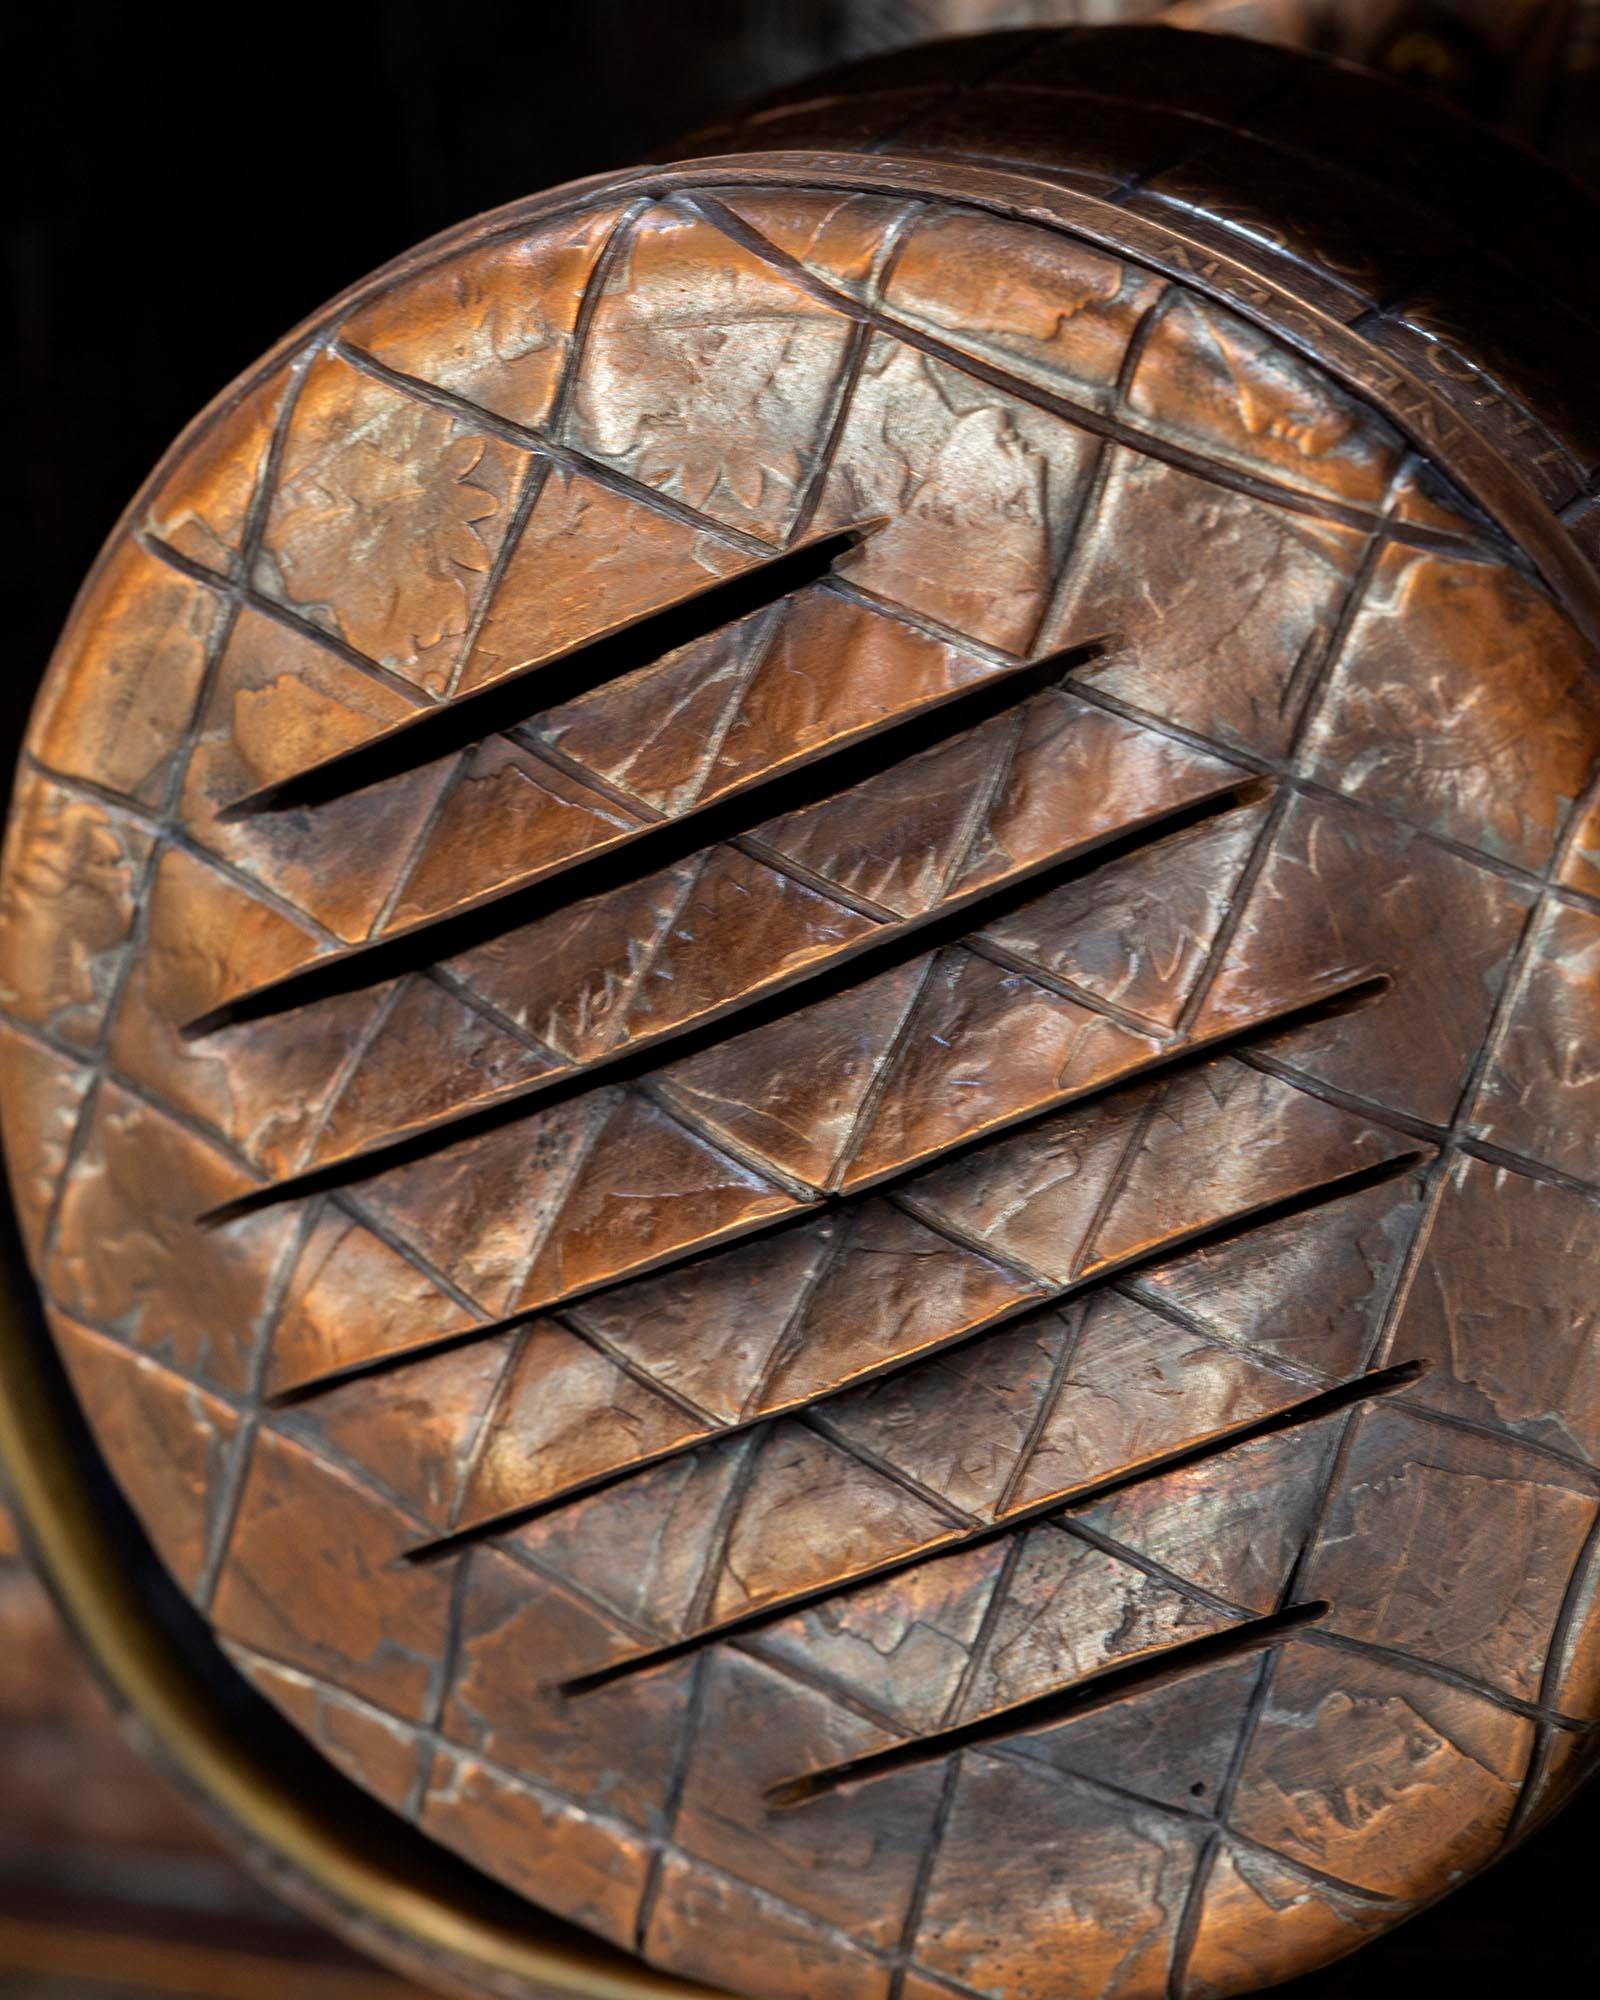 La série des artisans : Tronçonneuse

Pièces de monnaie américaines en cuivre massif soudées et fabriquées, accents en laiton, construction en métal creux.

La série Craftsmen contient des outils de travail recréés dans des pièces de monnaie en
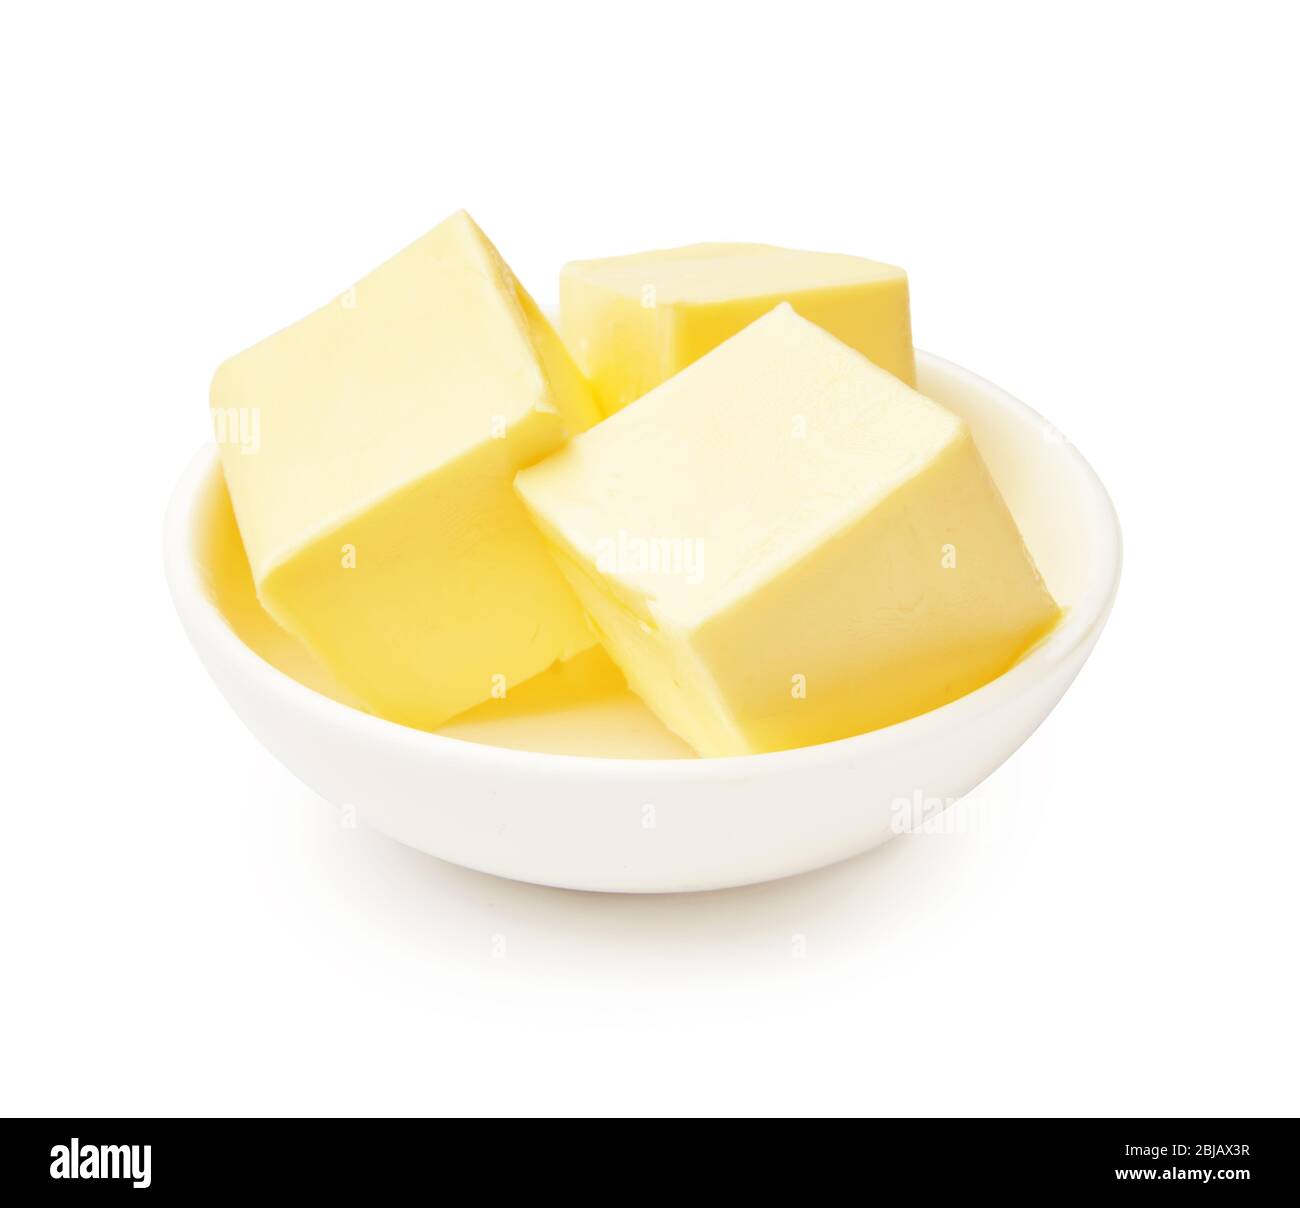 Morceaux de beurre dans un bol blanc isolés sur fond blanc. Cubes de beurre. Banque D'Images
# # # #
| About this task |
Would you transcribe all of the data exactly, omitting any pictures?

| Answer space |
 La série des artisans : Tronçonneuse

Pièces de monnaie américaines en cuivre massif soudées et fabriquées, accents en laiton, construction en métal creux.

La série Craftsmen contient des outils de travail recréés dans des pièces de monnaie en
 Morceaux de beurre dans un bol blanc isolés sur fond blanc. Cubes de beurre. Banque D'Images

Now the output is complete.